We were so lucky this past week with the weather in Vermont.  The skies were blue, air was warm and balmy and the sun was beaming.  Along with my folks we took an afternoon tour of a family run organic farm.  I truly understand now what commitment is and means to these amazingly hard working people and am so thankful for what they provide to us.

The very lovely and hospitable proprietor, Amy, showed us around the farm explaining the process from beginning to end.  We were also able to sample a few fresh items along the way and even take some home with us for dinner later!

If you ever find yourself in Waitsfield Vermont, go and check out this wonderful farm.

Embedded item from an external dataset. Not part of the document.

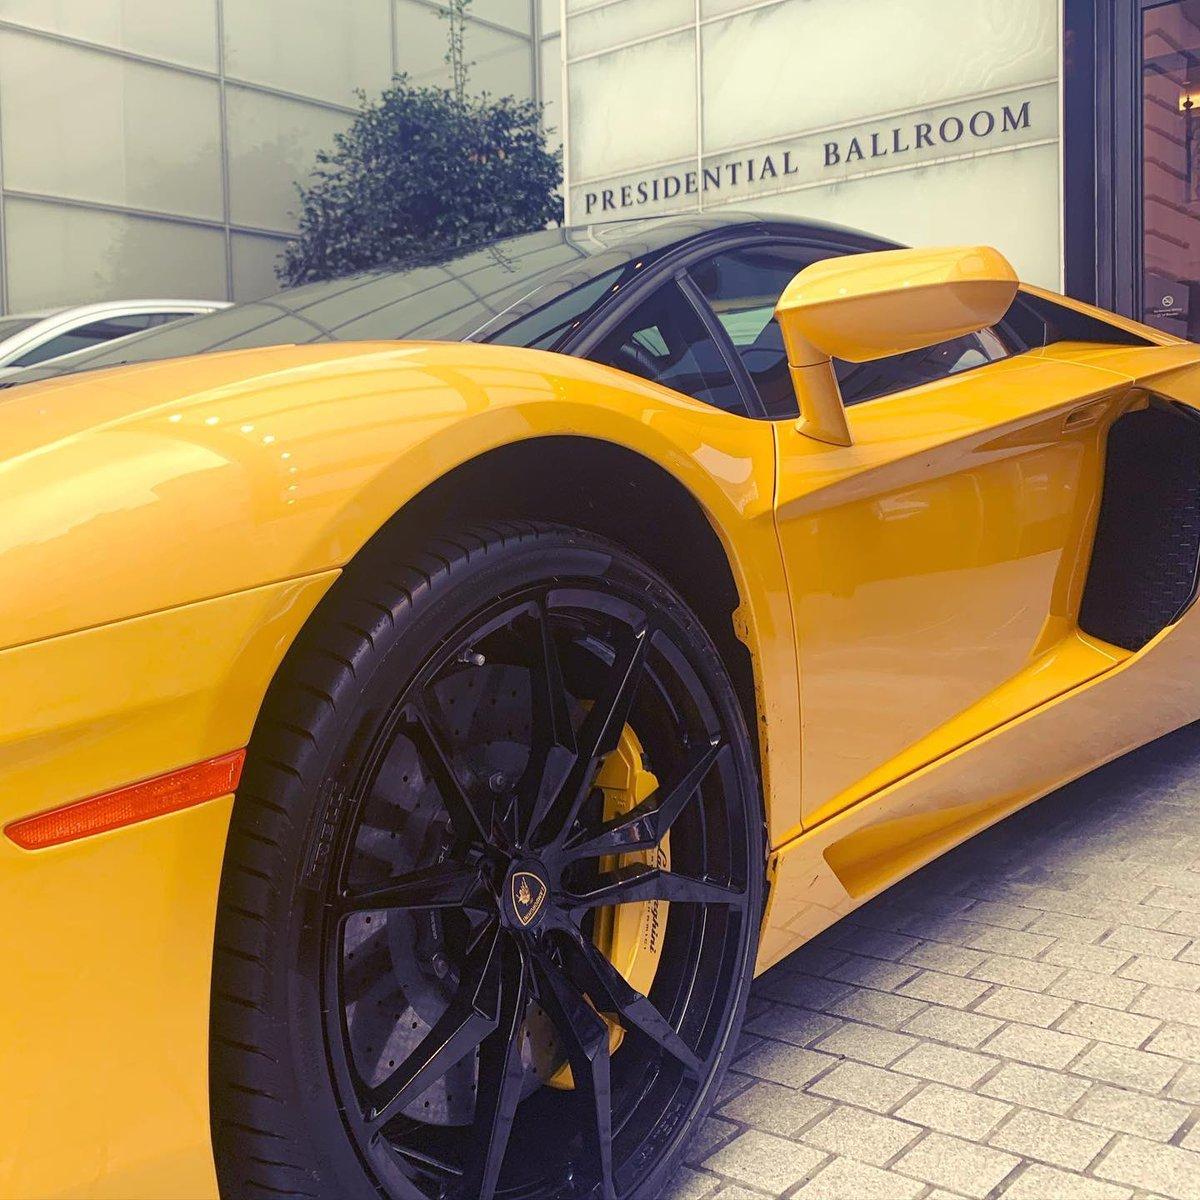 A sporty kind of day...#Lamborghini #Italy #Trump #Saturday #weekend #car #sportcars #WashingtonDC #success #NeverSettle

Preferred mode of transportation on the farm!

Dinner at Don and Gia's!

Oct. 17, 2021

What on the menu for dinner

Fresh carrots from the farm along with scallops and plenty of fresh herbs.

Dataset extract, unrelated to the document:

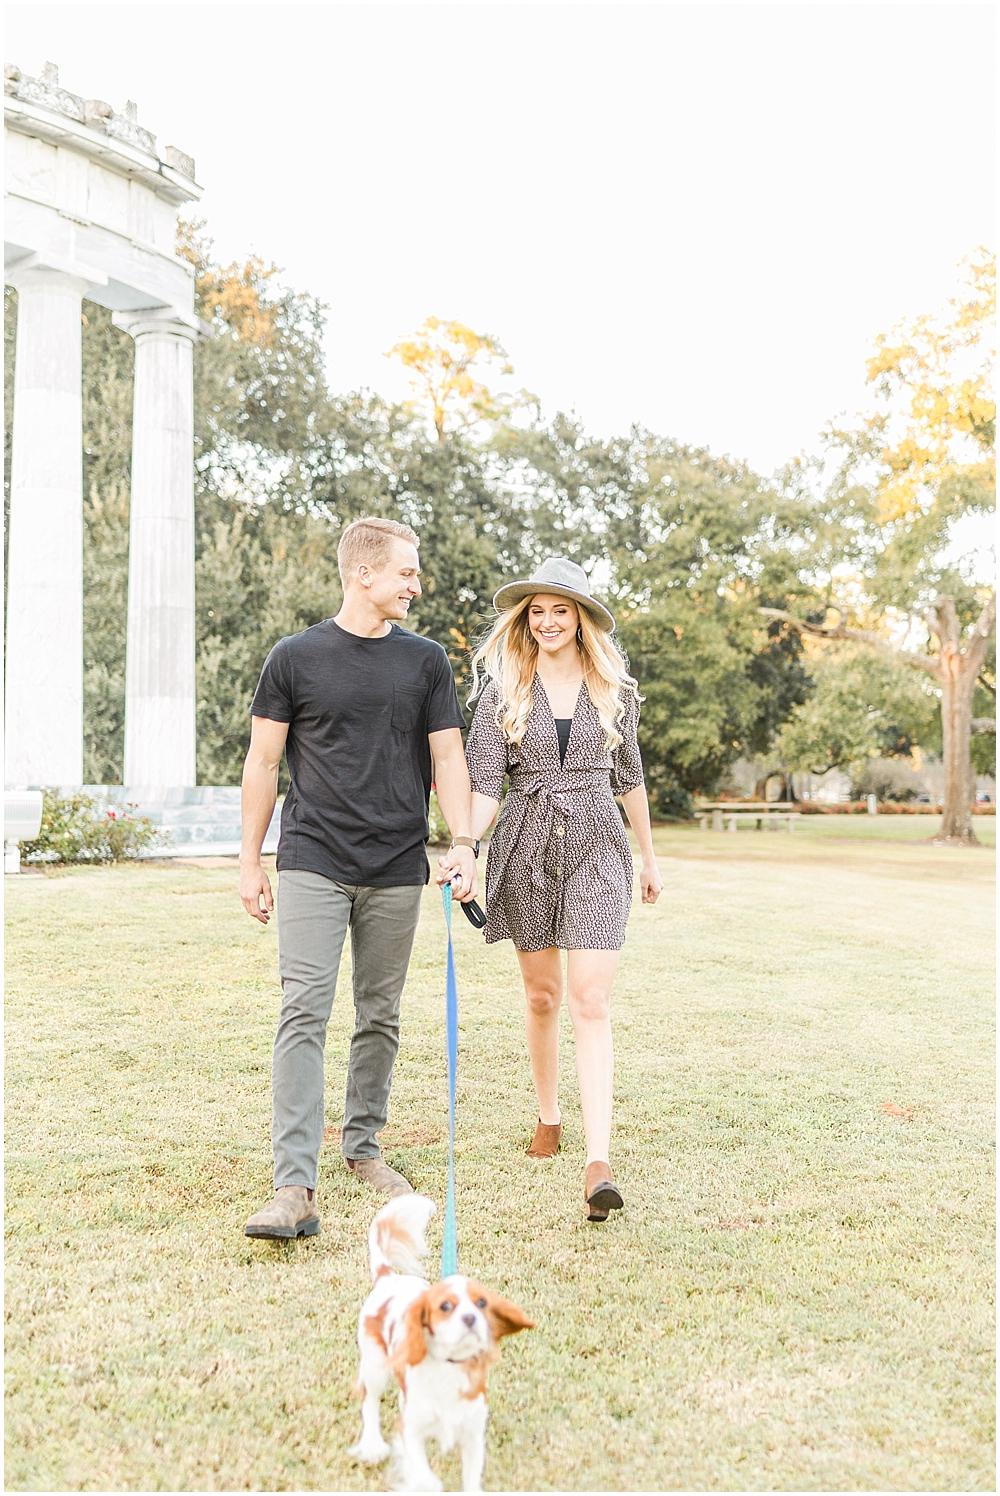 Ashton-Clark-Photography-Wedding-Portrait-Family-Photographer-Mobile-Alabama_0149.jpg

Pan seared Scallops with dill, lemon and wild mushrooms.


Makes 4 servings

1 pound scallops

2 tablespoons olive oil

2 tablespoons unsalted butter

1 tablespoon minced garlic

2 tablespoons lemon juice

1 teaspoon lemon zest

1 tablespoon dijon mustard

¼ cup of heavy cream

2 teaspoon chopped dill

2 small shallots minced and sautéed

Black pepper (as needed for seasoning)


Simple and easy explanation…………

Cook down all the ingredients, minus the scallops, in one pan, let bubble and reduce. 

Separately sear the scallops in a cast iron skillet, 2 minutes a side. 

Pour sauce over your cooked couscous, place your scallops on top, sprinkle with dill and serve.


Never overcook your scallops!

The colors of freshness!

Moooooving along through the farm!

OK, so they were not moving, but it was still fun to sit in the little cows and pretend.